[EXERCISE]
Whenever a line below includes the string "avec", show it.

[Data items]
━━━
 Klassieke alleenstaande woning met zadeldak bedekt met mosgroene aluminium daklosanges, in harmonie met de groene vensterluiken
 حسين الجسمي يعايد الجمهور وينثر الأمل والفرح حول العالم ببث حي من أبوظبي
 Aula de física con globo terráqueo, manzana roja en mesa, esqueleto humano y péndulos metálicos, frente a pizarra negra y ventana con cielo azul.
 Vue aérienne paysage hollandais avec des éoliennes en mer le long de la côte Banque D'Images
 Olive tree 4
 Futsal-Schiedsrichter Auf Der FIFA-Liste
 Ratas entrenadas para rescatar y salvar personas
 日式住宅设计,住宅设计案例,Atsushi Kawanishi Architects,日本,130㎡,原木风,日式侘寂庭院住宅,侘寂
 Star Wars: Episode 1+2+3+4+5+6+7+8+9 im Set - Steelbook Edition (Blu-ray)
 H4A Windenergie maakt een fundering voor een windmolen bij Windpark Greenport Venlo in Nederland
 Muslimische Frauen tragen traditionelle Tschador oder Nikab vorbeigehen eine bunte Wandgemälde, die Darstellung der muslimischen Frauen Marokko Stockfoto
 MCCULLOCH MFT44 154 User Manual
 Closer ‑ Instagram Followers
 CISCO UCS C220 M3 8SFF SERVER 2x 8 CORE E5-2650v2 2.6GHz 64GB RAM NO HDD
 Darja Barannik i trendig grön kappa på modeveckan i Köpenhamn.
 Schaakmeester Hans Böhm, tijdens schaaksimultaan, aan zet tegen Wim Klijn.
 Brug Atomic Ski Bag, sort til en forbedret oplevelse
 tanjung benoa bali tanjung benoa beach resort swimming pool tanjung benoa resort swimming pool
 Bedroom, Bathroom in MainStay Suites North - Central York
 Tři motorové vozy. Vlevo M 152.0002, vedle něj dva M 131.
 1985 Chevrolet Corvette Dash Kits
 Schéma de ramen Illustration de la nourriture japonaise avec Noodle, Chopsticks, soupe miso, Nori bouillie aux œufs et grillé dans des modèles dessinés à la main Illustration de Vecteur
━━━
[OUTPUT FOR THIS TASK]
 Vue aérienne paysage hollandais avec des éoliennes en mer le long de la côte Banque D'Images
 Schéma de ramen Illustration de la nourriture japonaise avec Noodle, Chopsticks, soupe miso, Nori bouillie aux œufs et grillé dans des modèles dessinés à la main Illustration de Vecteur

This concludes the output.